В 1937 Безыменского неожиданно исключили из партии. В «Литературной газете» появилось объяснение: «А. Безыменский был активным троцкистом еще в 1923 году, отражал троцкистские настроения не только в этот период, но и в последующие годы».

Через несколько месяцев поэта восстановили, но в литературе его восстановить оказалось, понятное дело, невозможно. Уже в 1930-ые, когда поэзия усложнилась, когда пришли Смеляков, Твардовский, Симонов, отвечавшие на вызовы времени не так лобово, как Безыменский, наш герой сделался анахронизмом. В 1939 году Сталин лично вычеркнул из списка представленных к награде писателей имя Безыменского и это были не репрессии, а понимание места Безыменского в литературной предвоенной иерархии (Сожранный временем Михаил Голодный — здесь о Безыменском чуточку подробнее).

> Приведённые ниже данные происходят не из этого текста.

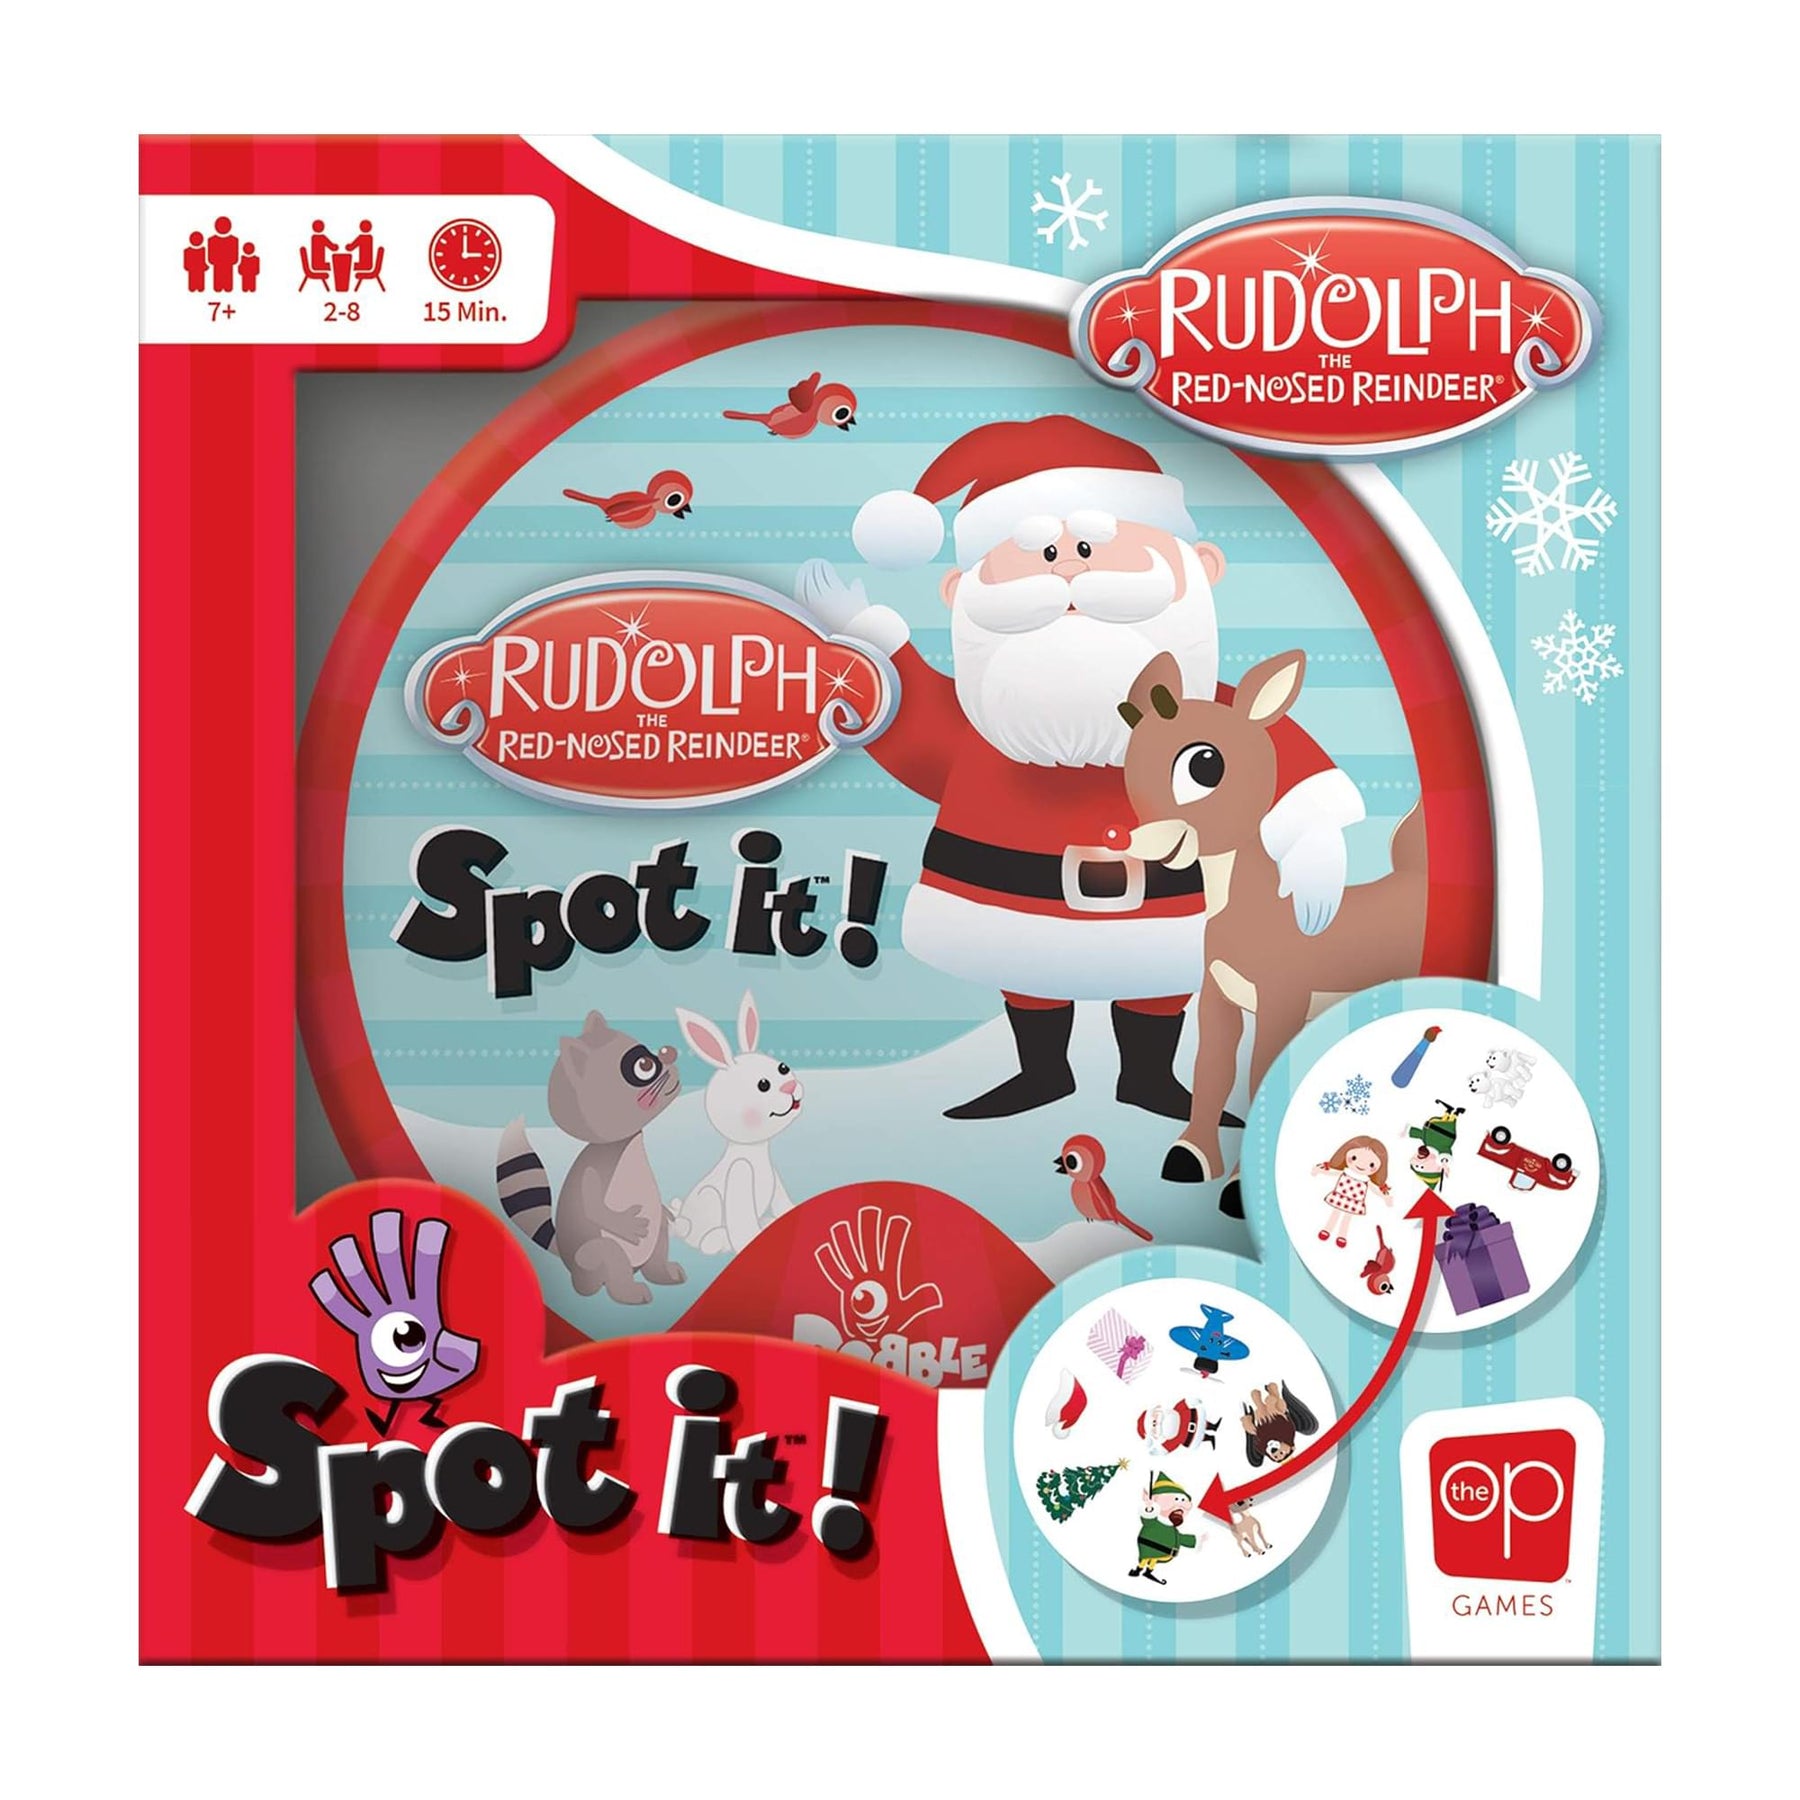 Rudolph The Red-Nosed Reindeer Spot It! Card Game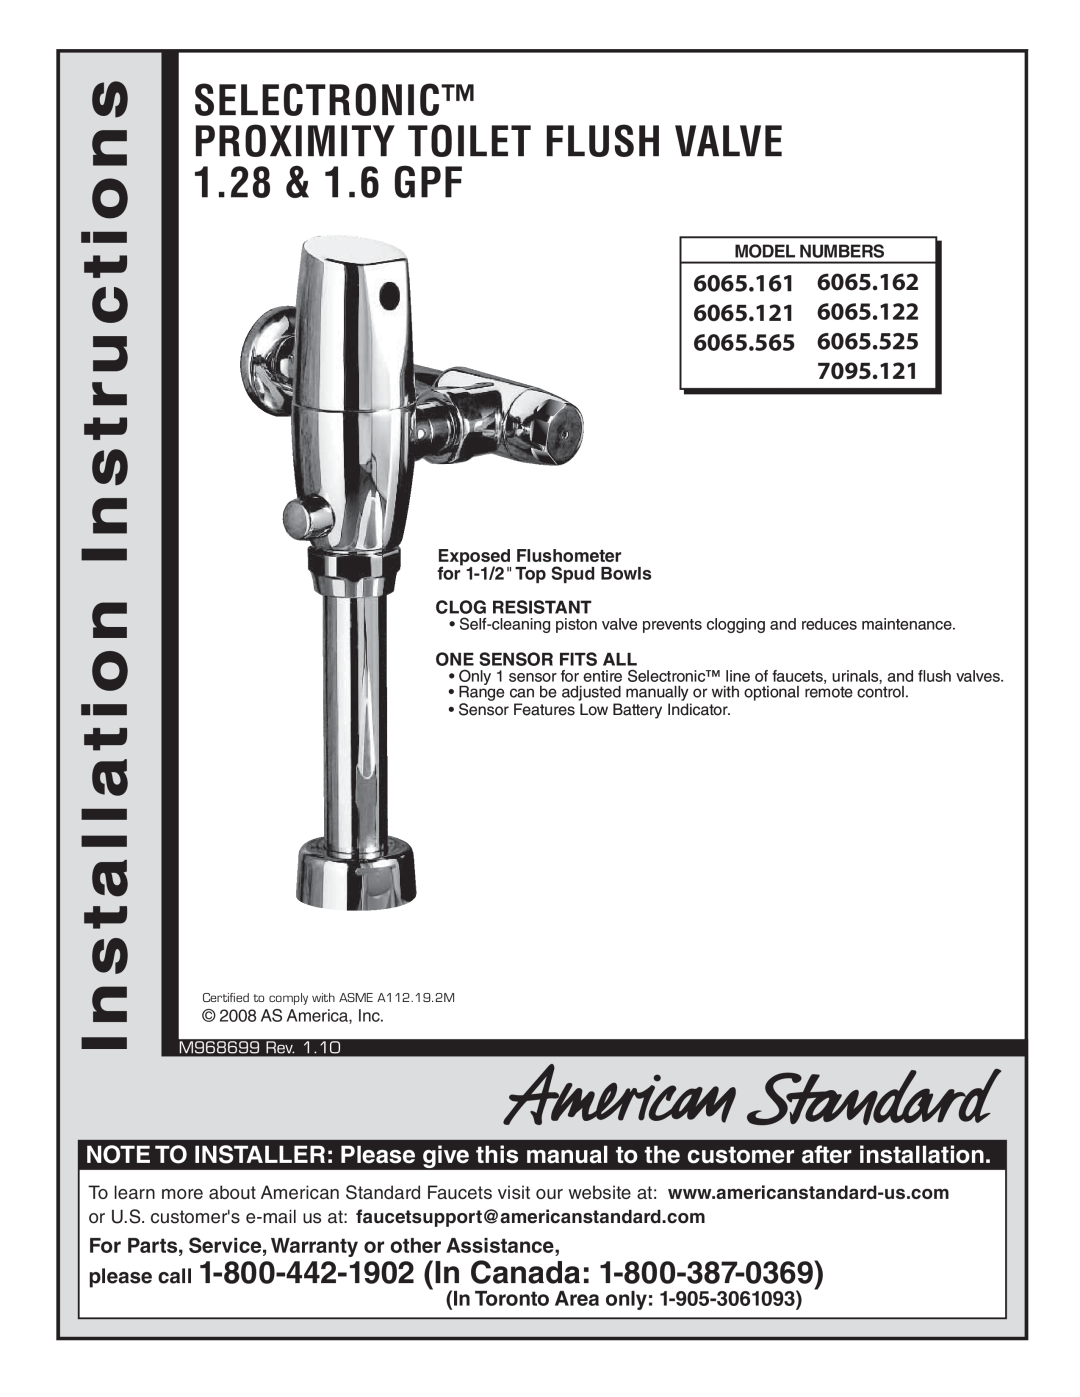 American Standard 6065.565 installation instructions For Parts, Service, Warranty or other Assistance, InTorontoArea onlly

Что же осталось от «томов партийных книжек» Безыменского?
Шостакович написал на его стихи Вторую Симфонию (впрочем, Шостаковичу приходилось писать музыку и на «феньки» из рубрики «Нарочно не придумаешь» журнала «Крокодил»).
Перу Безыменского принадлежит русский текст песни «Все хорошо, прекрасная маркиза!», который так трогательно пел Утесов с дочкою.

Да и просто хорошие стихи у Безыменского попадались.

Вот, например, «Я брал Париж»:

Я брал Париж! Я. Кровный сын России.
Я – Красной Армии солдат.
Поля войны – свидетели прямые –
Перед веками это подтвердят.

Я брал Париж. И в этом нету чуда!
Его твердыни были мне сданы!
Я брал Париж издалека. Отсюда.
На всех фронтах родной моей страны.

Нигде б никто не вынес то, что было!
Мечом священным яростно рубя,
Весь, весь напор безумной вражьей силы
Я принимал три года на себя.

Спасли весь мир знамена русской славы!
На запад пяля мертвые белки,
Успели сгнить от Волги до Варшавы
Фашистских армий лучшие полки.

Ряды врагов редели на Ла-манше.
От стен Парижа снятые войска
Пришли сюда сменить убитых раньше,
Чтоб пасть самим от русского штыка.

Тех, кто ушел, никем не заменили,
А тех, кто пал, ничем не воскресишь!
Так, не пройдя по Франции ни мили,
Я проложил дорогу на Париж.

Я отворял парижские заставы
В боях за Днепр, за Яссы, Измаил.
Я в Монпарнас вторгался у Митавы,
Я в Пантеон из Жешува входил.

Я шел вперед сквозь битвы грохот адов,
И мой удар во фронт фашистских орд,
Мой грозный шаг и гул моих снарядов
Преображали Пляс-де-ля-Конкорд!

И тем я горд, что в годы грозовые
Мы золотую Францию спасли,
Что брал Париж любой солдат России,
Как честный рыцарь счастья всей земли.

Во все века грядущей светлой жизни,
Когда об этих днях заговоришь,
Могу сказать я миру и отчизне:
Я брал Париж!

Похожие статьи

Добавить комментарий

Ваш адрес email не будет опубликован. Обязательные поля помечены *


Срок проверки reCAPTCHA истек. Перезагрузите страницу.

Кнопка «Наверх»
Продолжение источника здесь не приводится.